The ICTD determiner 38 is then preferably configured for taking, if
the current value of the inter-channel time difference is
determined to be relevant, the current value into account when
determining the updated value of the inter-channel time difference.
The ICTD determiner 38 is preferably configured to determine, if
the current value of the inter-channel time difference is
determined to not be relevant, the updated value of the
inter-channel time difference based on one or more previous values
of the inter-channel time difference.
[0113] In this way, improved stability of the inter-channel time
difference is obtained.
[0114] For example, when the current inter-channel correlation is
low (i.e. below the adaptive threshold), it is generally not
desirable to use the corresponding current inter-channel time
difference. However, when the correlation is high (i.e. above the
adaptive threshold), the current inter-channel time difference
should be taken into account when updating the inter-channel time
difference.
[0115] The device can implement any of the previously described
variations of the method for determining an inter-channel time
difference of a multi-channel audio signal.

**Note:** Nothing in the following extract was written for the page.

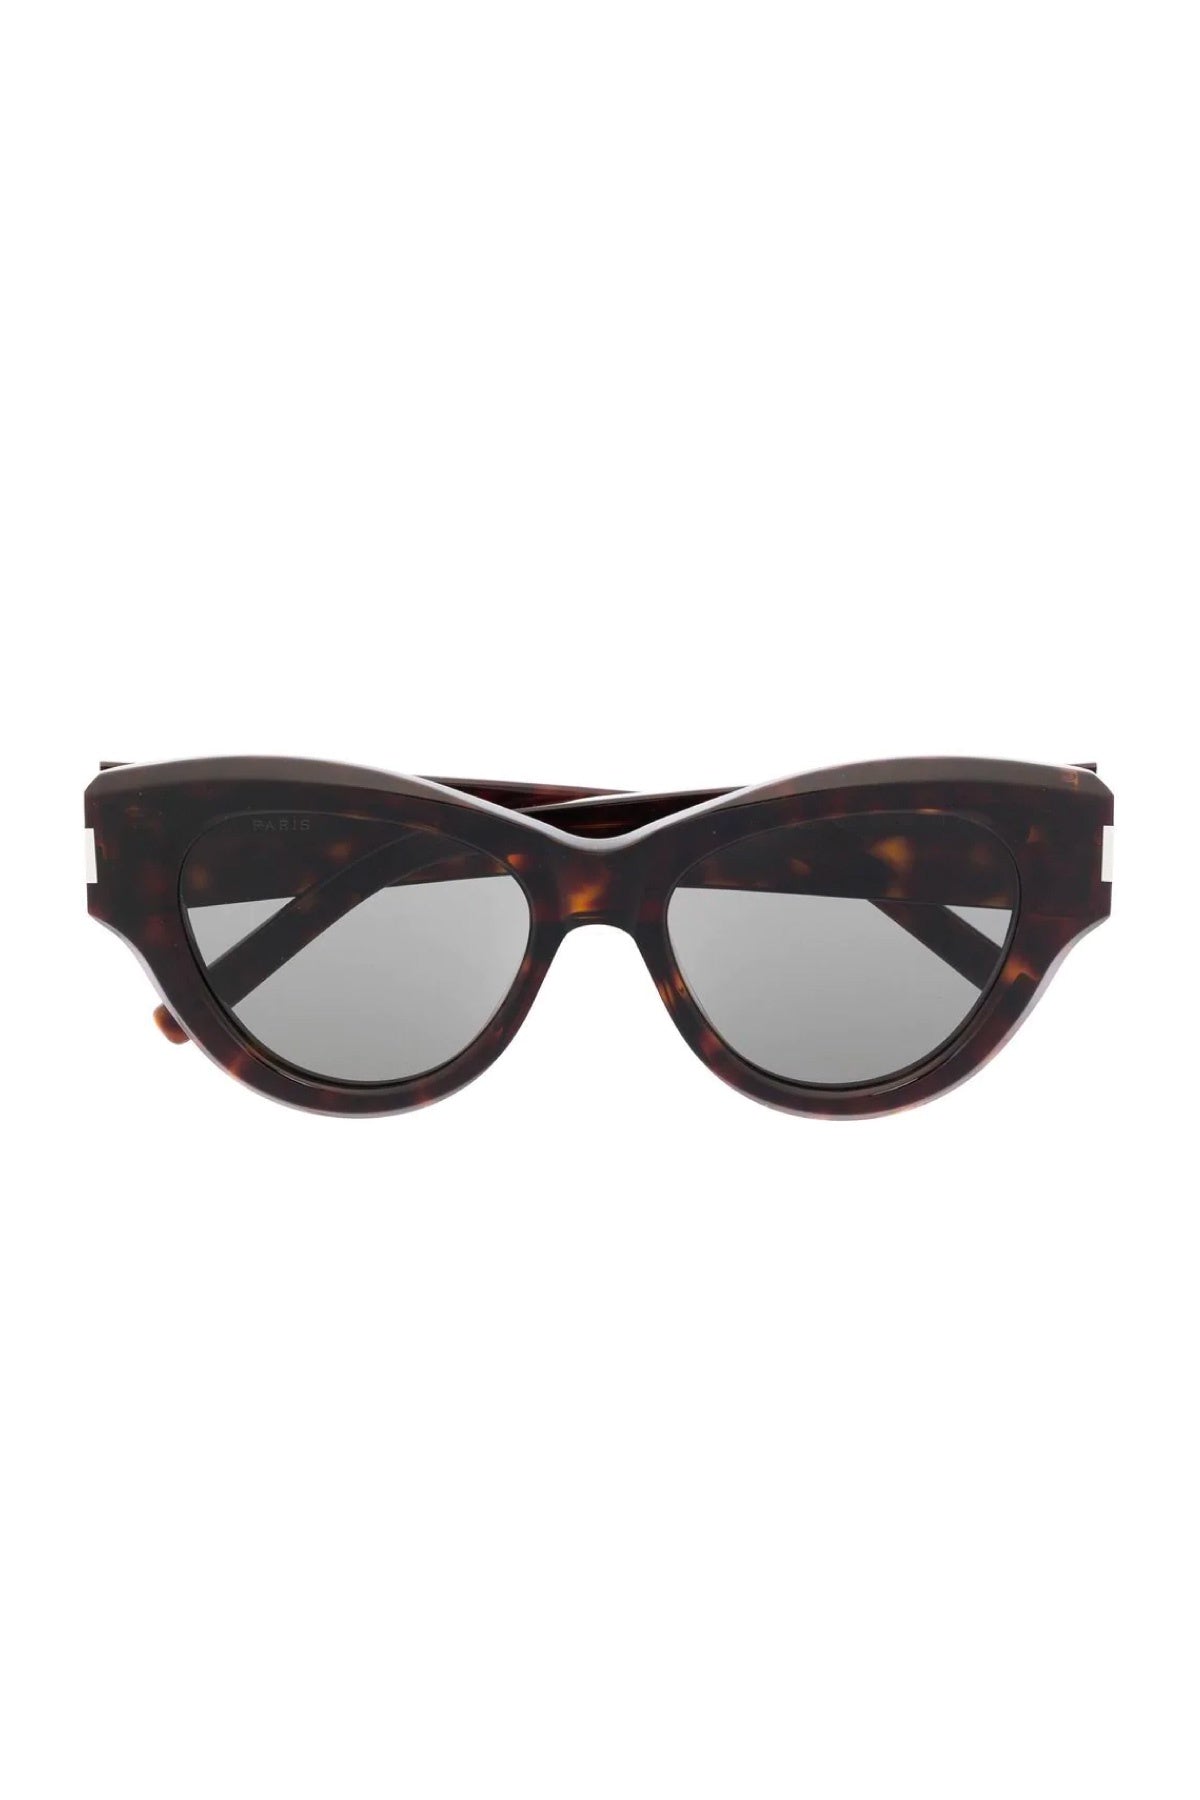 Saint Laurent Rounded Cat Eye Sunglasses - Havana

[0116] For example, the ICTD difference determiner 38 may be
configured to select the current value of the inter-channel time
difference as the updated value of the inter-channel time
difference.
[0117] Alternatively, the ICTD determiner 38 may be configured to
determine the updated value of the inter-channel time difference
based on the current value of the inter-channel time difference
together with one or more previous values of the inter-channel time
difference. For example, the ICTD determiner 38 is configured to
determine a combination of several inter-channel time difference
values according to the values of the inter-channel correlation,
with a weight applied to each inter-channel time difference value
being a function of the inter-channel correlation at the same time
instant.
[0118] By way of example, the adaptive filter 33 is configured to
estimate a relatively slow evolution and a relatively fast
evolution of the inter-channel correlation and define a combined,
hybrid evolution of the inter-channel correlation by which changes
in the inter-channel correlation are followed relatively quickly if
the inter-channel correlation is increasing in time and changes are
followed relatively slowly if the inter-channel correlation is
decreasing in time. In this aspect, the threshold determiner 34 may
then be configured to select the adaptive inter-channel correlation
threshold as the maximum of the hybrid evolution, the relatively
slow evolution and the relatively fast evolution of the
inter-channel correlation at the considered time instance.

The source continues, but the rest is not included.